Hi, On Thu, Jul 28, 2005 at 11:53:56AM +0200, Nicolas Baradakis wrote:
Alan DeKok wrote:
I agree with the last bit.
As for what I'm trying to do, I'm not exactly sure. Maybe in "post-auth", we need to have sub-sections, to make it clear what's run, and where:
post-auth { Access-Accept { ... } Access-Challenge { ... } Access-Reject { ... } }
That would be obvious, at least.
But what should we do when the administrator wants different Post-Auth-Type stanzas for each realm on a multi-realm server?
I'm not sure about about it either.

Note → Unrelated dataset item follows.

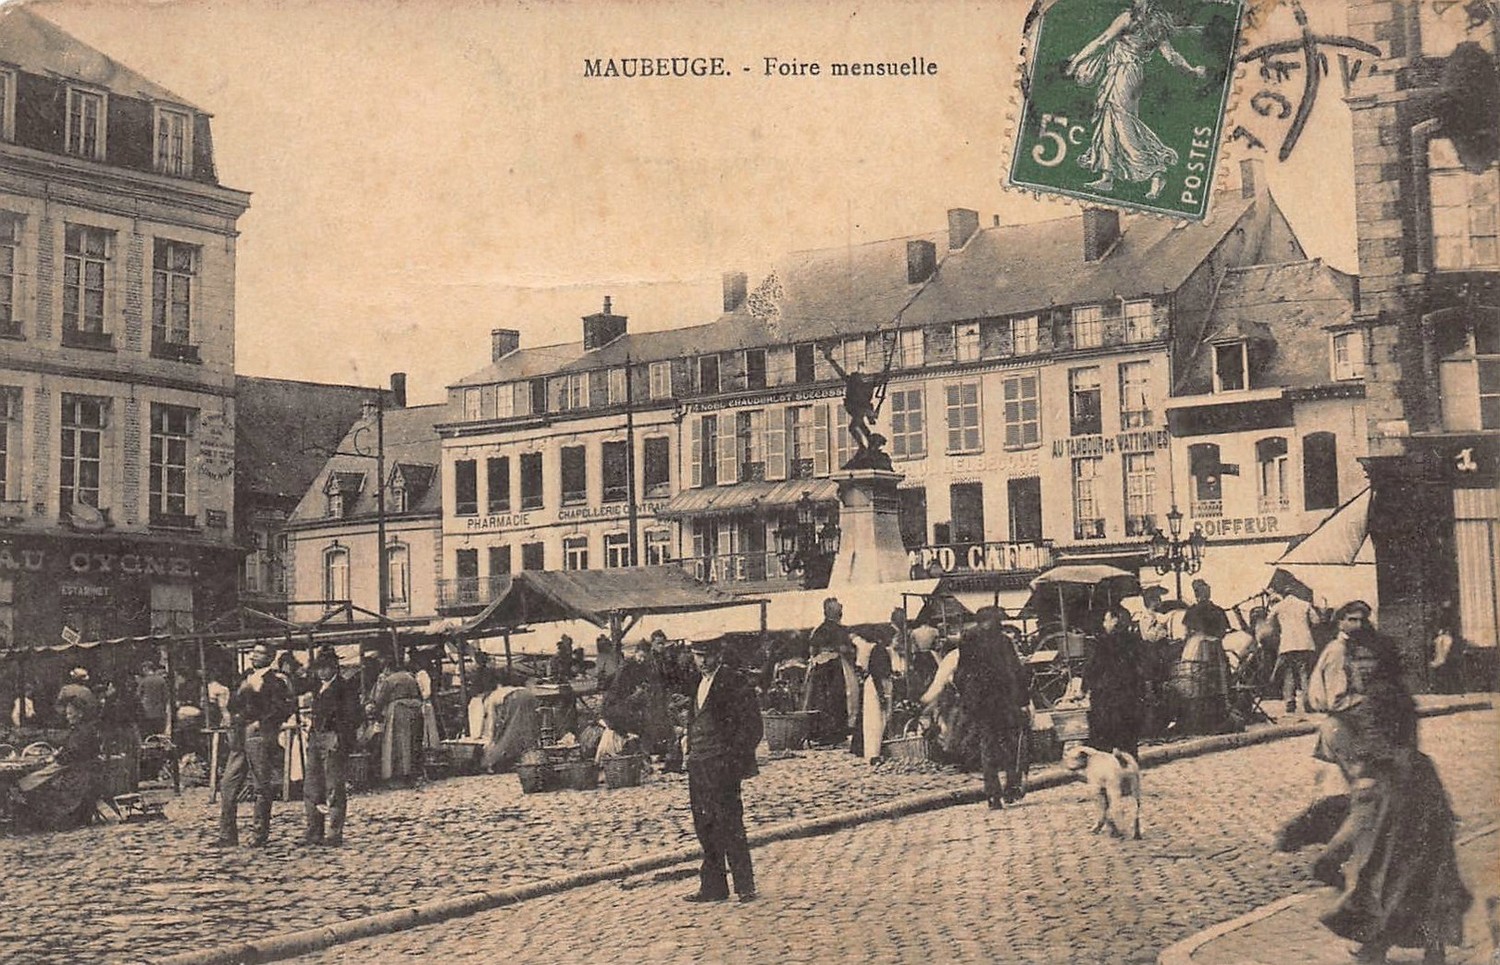 Cartes postales de Maubeuge, Marché aux Herbes.

Perhaps this approach could be possible: if a check item 'Post-Auth-Type' already exists, we can look for a stanza named %{check:Post-Auth-Type}.%{reply:Packet-Type}. If we found such a stanza, we run the modules we found inside. Otherwise we run the modules in the stanza named %{check:Post-Auth-Type}. (fallback to the current behaviour)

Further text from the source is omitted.